新種の植物を求め、世界中を冒険している西畠清順氏の「人生、植物ありき」という言葉を聞くと、植物から何かを与えられた覚えはないと顔をしかめる人の方が多いかもしれませんが、盆栽愛好家として知られていた岸元首相は身近に植物がある暮らしは人の心身を豊かにし、生きる上で大切なことを植物が教えてくれたとして次のように述べました。(1)
「植物に生まれ持って備わっている性質や個性を見つけ出して、それをうまく生かしてやることで最も味わいのある姿を生むのです。それは人でも同じで、生まれ持った性質を上手く生かすことで本来の力を発揮することができるのです。そのことを植物に気付かされたからこそ、政治の世界でも成功できて、豊かな人生を送ることができているのです。」
↑部屋の中から人生の先生を排除していないだろうか
日本で古くから使われてきた言葉や言い回しには、実は、植物から得たものがたくさんあり、それらの意味を正しく理解して、その言葉の奥にある本質をつかんだり、感じたりすることで身の周りの植物への理解を深めることができ、そこから生きるヒントを得ることができるのではないでしょうか。(2)
例えば、「長い暗闇を抜ければ、花が咲く」という言葉がありますが、この言葉はゲッカビジンというサボテン科の花に例えて作られており、ゲッカビジンは暗闇を刺激として感じる植物のため、太陽を刺激として感じるヒマワリが太陽光を必要とするように、ゲッカビジンは花を咲かせるために長い暗闇の中を通過しなければなりません。
↑ゲッカビジン「長い暗闇を抜ければ、花が咲く」
金城一紀さん原作の大人気小説「GO」の中で、「暗闇を知らない奴に光の明るさは語れない」といったシーンがありますが、このように「長い暗闇」を下積み時代や苦労の時代に置き換え、「長い苦労の時代を抜ければ、ひと花咲かせることができる」というように例え、励ましの言葉として使われます。

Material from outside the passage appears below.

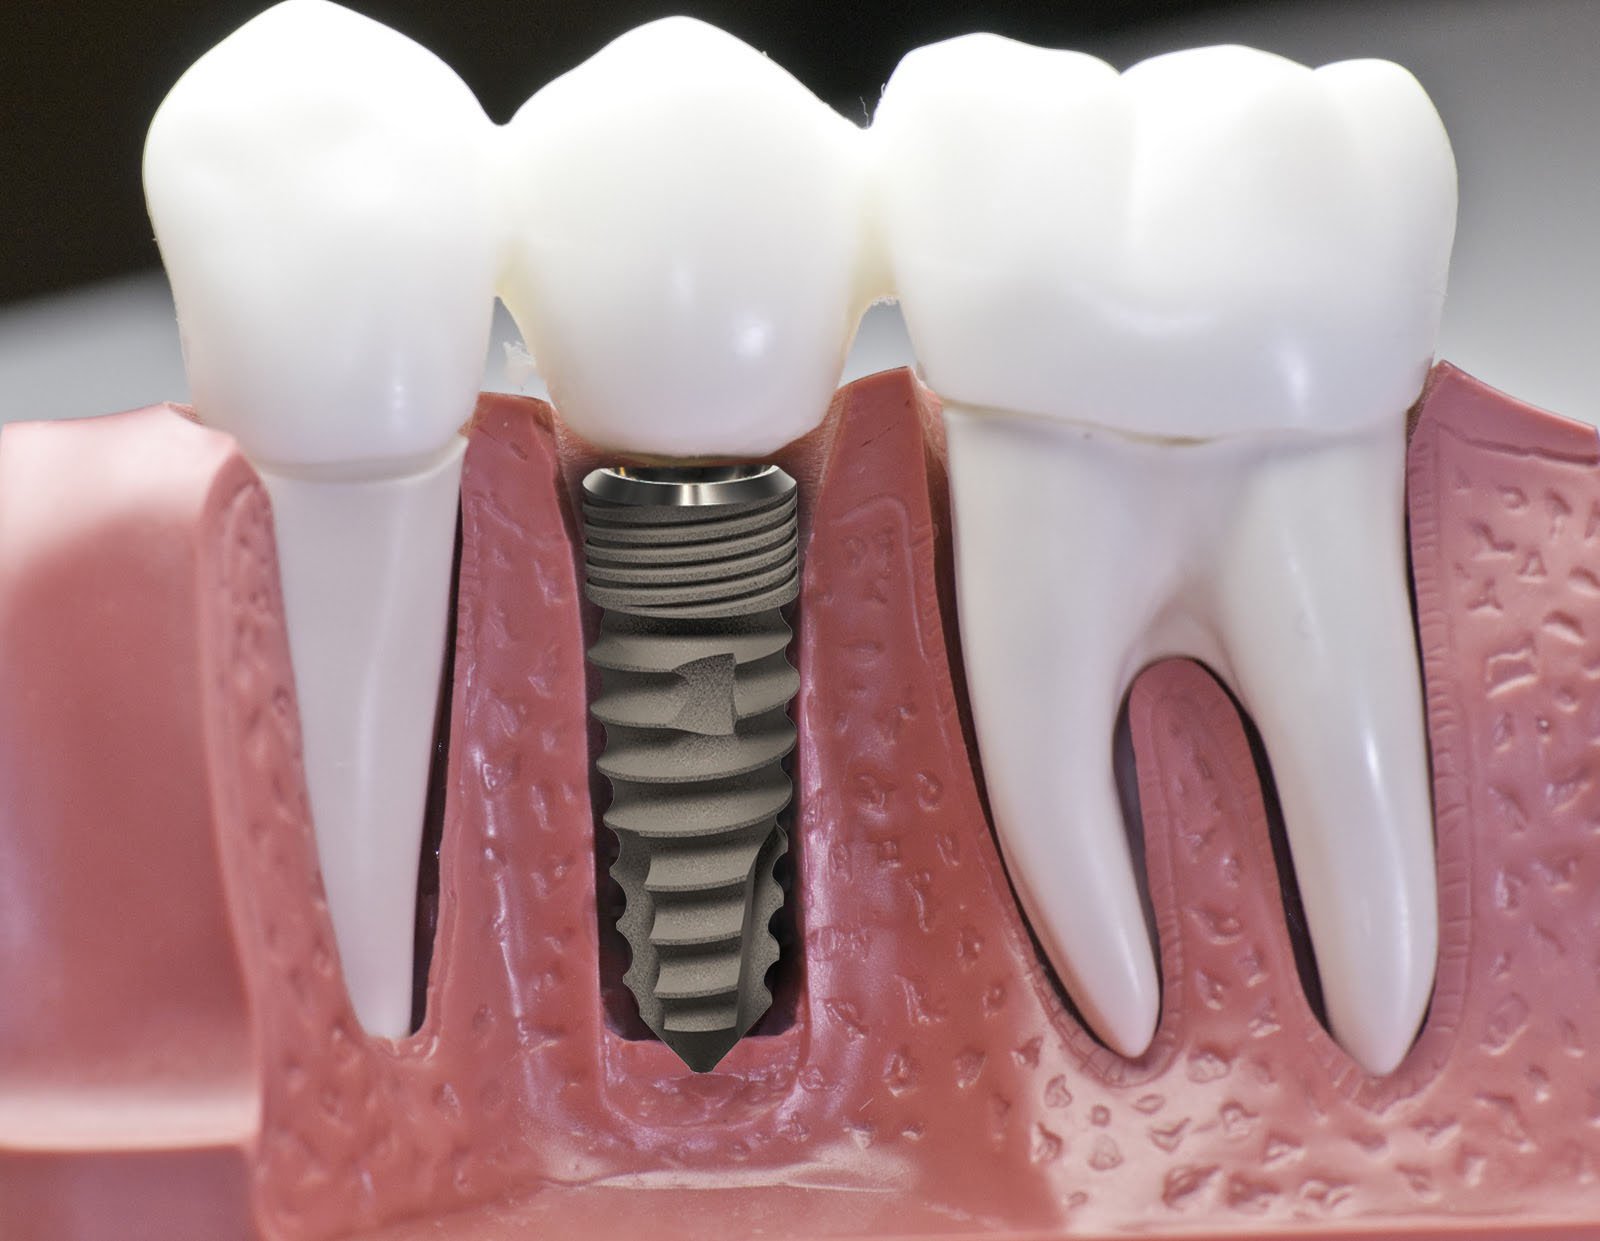 Răng giả làm từ chất liệu gì? | Vinmec

私たち人間は、経済的にも精神的にも貧しい時期が続くと、心が折れてしまいそうになりますが、古人はゲッカビジンの生き方から、状況が暗くなっても落胆することなく、それを刺激として、明るい先を見つめて暗闇に耐えるという考え方を学び、暗闇を乗り越えていたのでしょう。
↑暗闇を知らない者に人生を語る資格はない
お墓の周りにたくさん生えているヒガンバナは、「墓地に咲く花」とされ、多くの人から気味悪がられて大切にされてきませんでしたが、この植物は絶えることなく工夫を凝らしながら上手に生き続けてきました。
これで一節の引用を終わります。